Холод - в весельи, зной
В Вашем унынии.
Вся Ваша жизнь - озноб,
И завершится - чем она?
Облачный - темен - лоб
Юного демона.
Первый раз Цветаева узнала Ахматову через книгу «Вечер», в 1912 году: «О маленькой книжке Ахматовой можно написать десять томов - и ничего не прибавишь... Какой трудный соблазнительный подарок поэтам - Анна Ахматова». Восторженность Цветаевой сопутствовала восприятию Ахматовой всю жизнь. «Все стихи, бывшие, сущие и будущие, написаны одной женщиной — безымянной», - считала Цветаева. Поэтому она видела в Ахматовой родственную душу.
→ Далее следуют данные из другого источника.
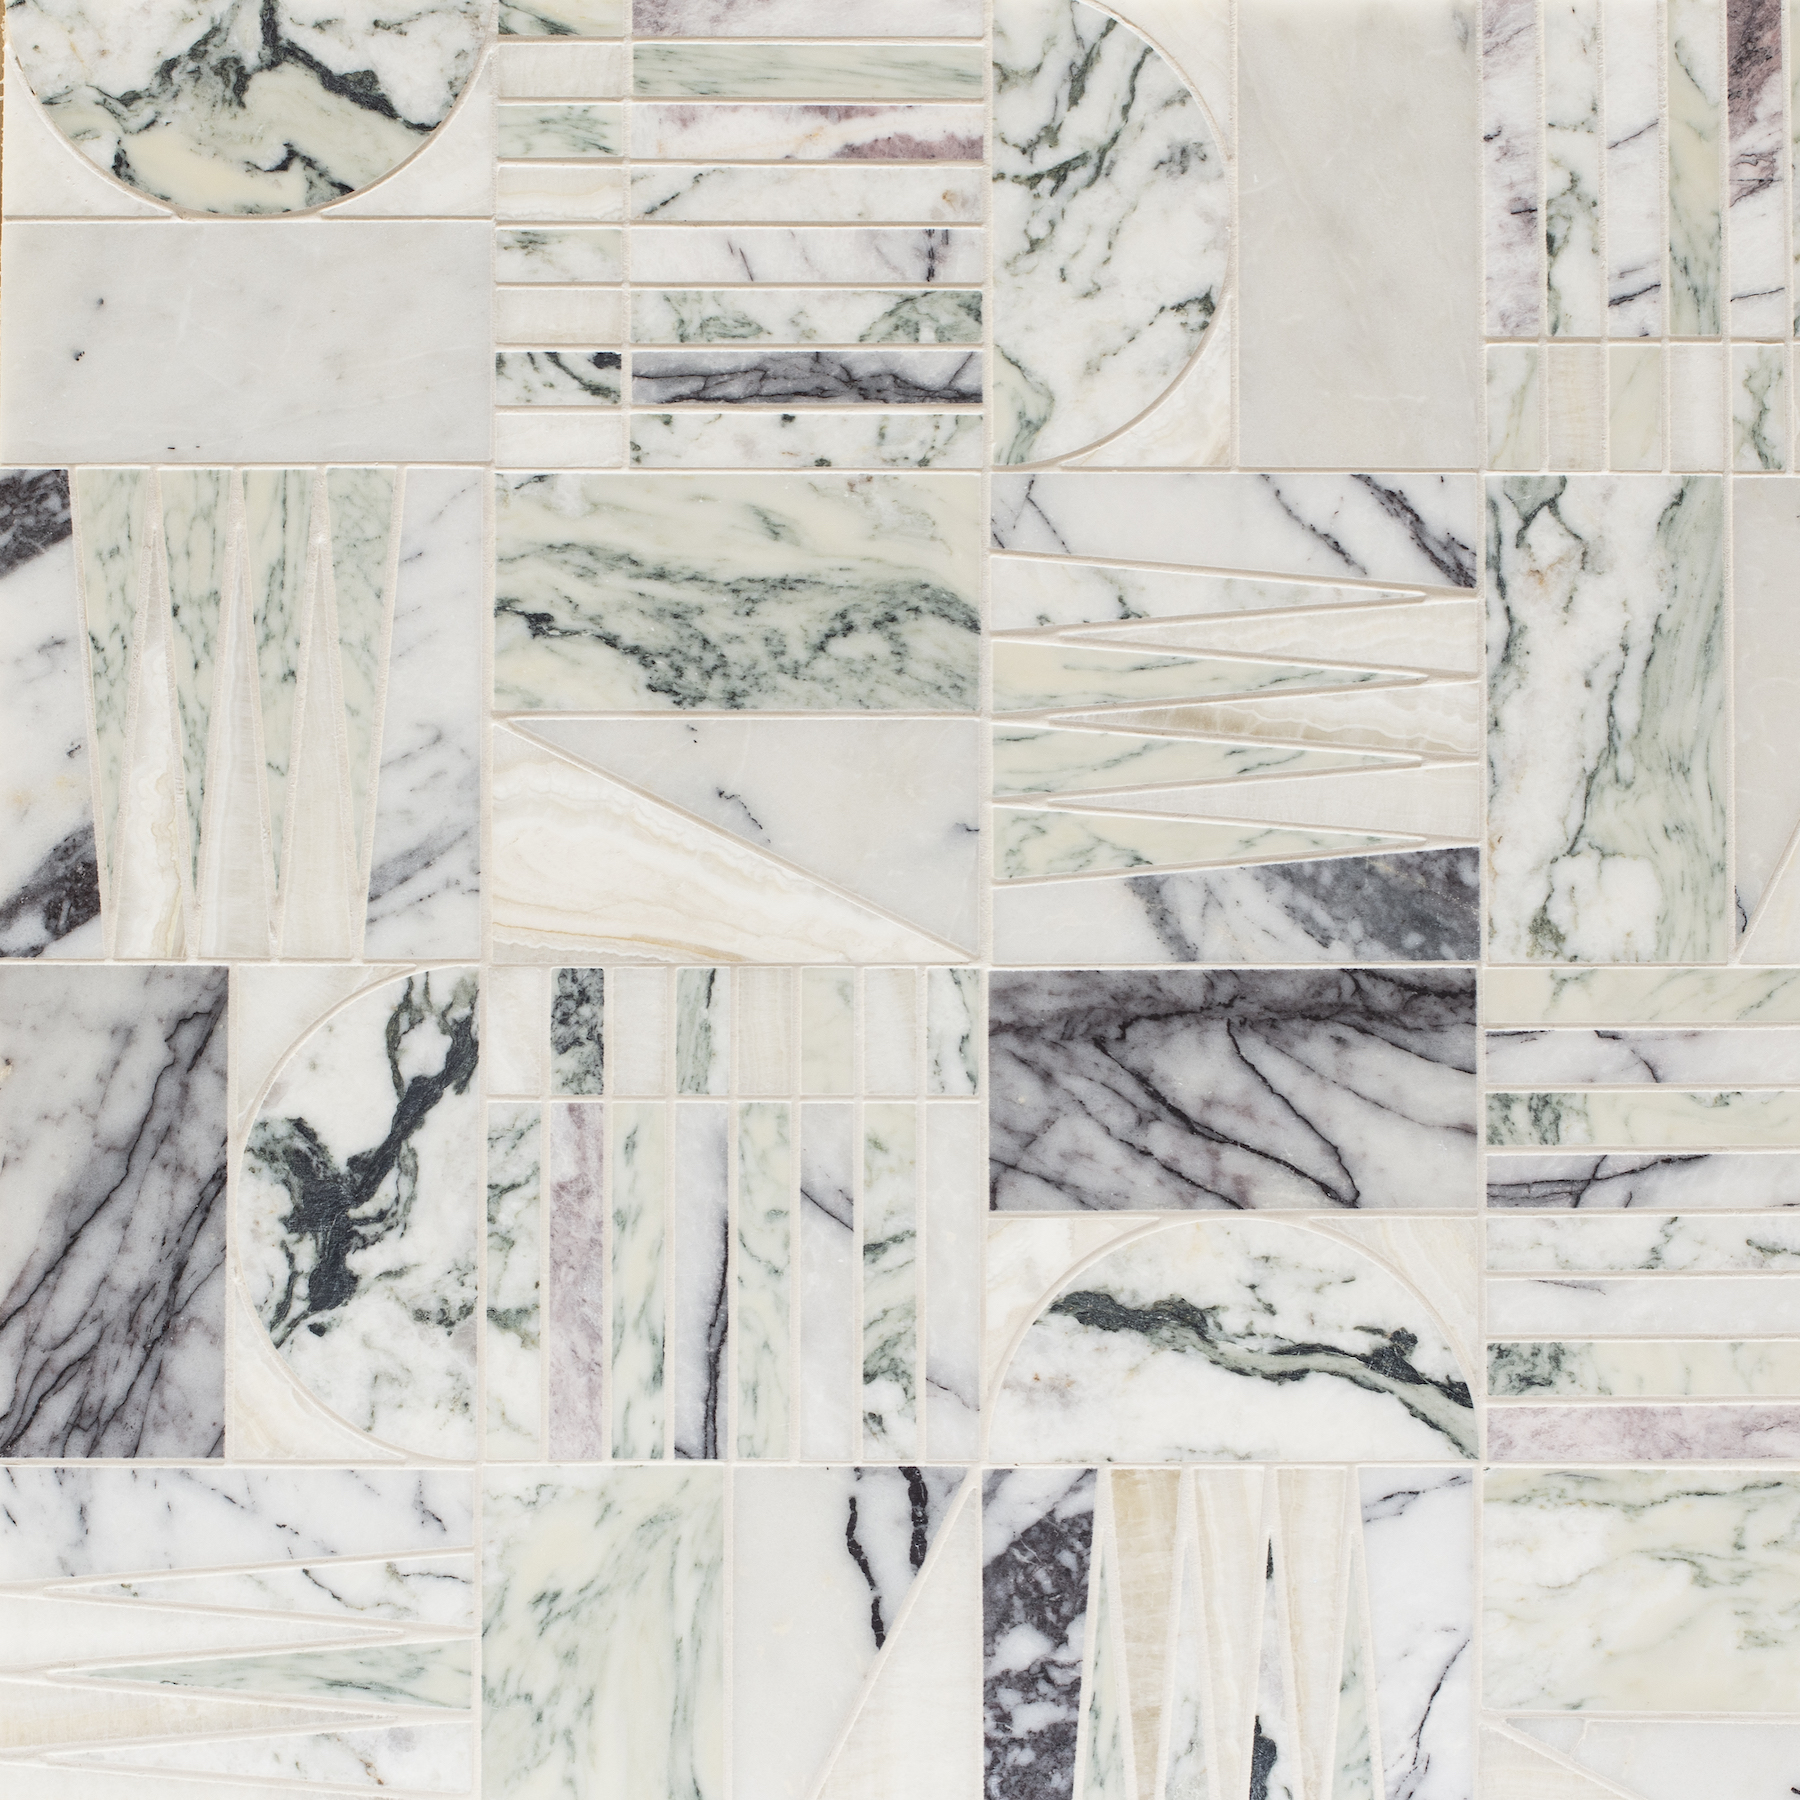 alison-rose-euclid-artistic-tile-04

Они обе испытали в своем творчестве огромное влияние А. С. Пушкина. У них были одни кумиры. Многие годы Марина Ивановна была влюблена в поэзию Ахматовой, покоренная созданным в своем воображении образом. Восьмилетняя Аля Эфрон, дочь, находившая в детстве под огромным влиянием своей матери - Цветаевой - писала Анне Андреевне, что читает Четки и Белую Стаю, а ее любимая вещь - «тот длинный стих о царевиче». Тут же, в письме, есть приписка Марины Ивановны: «Аля каждый вечер молится: "Пошли, Господи, царствия небесного Андерсену и Пушкину, - и царствия земного - Анне Ахматовой"». Такое преклонение перед талантом точно определяет иерархию между поэтами: Ахматова всегда была для Цветаевой старшей. Летом 1916 г. Цветаева пишет цикл « Стихи к Ахматовой » - одиннадцать стихотворений к «царскосельской музе».
О, Муза плача, прекраснейшая из муз!
О ты, шальное исчадие ночи белой!..
...Анна Ахматова! —
Это имя — огромный вздох,
И в глубь он падает, которая безымянна.
Мы коронованы тем, что одну с тобой
Мы землю топчем, что небо над нами — то же!
...Златоустой Анне — всея Руси
Искупительному глаголу —
Ветер, голос мой донеси...
Цветаева посвящает Ахматовой сборник «Версты» (1922). «Соревнование в каком-то смысле у меня с Ахматовой - было, но не "сделать лучше нее", а -лучше нельзя, и это лучше нельзя - положить к ногам...», - говорила Марина Ивановна. Мандельштам свидетельствовал, что Ахматова носила рукописные стихи Цветаевой в сумочке «так долго, что одни складки и трещины остались». «Марина поэт лучше меня», - сказала она в 1965 году И. Берлину.
У них была единственная встреча, в июне 1941 году у В. Е. Ардова. Марина Ивановна всегда жила в ее ожидании. Цветаева при встрече говорила о своей судьбе, а также о том, что в стихах все сбывается. Ардов вспоминает, что встреча была без церемоний, волнительная: поэты пожали друг другу руки, а когда Цветаева уходила, Ахматова перекрестила ее. По большому счету эта встреча была не-встречей, разочаровавшей поэтов. От нее обе ожидали большего, но, видимо, и обе перегорели, и время было не самое лучшее - Цветаева вернулась на родину, где лишились свободы ее дочь и муж, и уже через год покончила с собой.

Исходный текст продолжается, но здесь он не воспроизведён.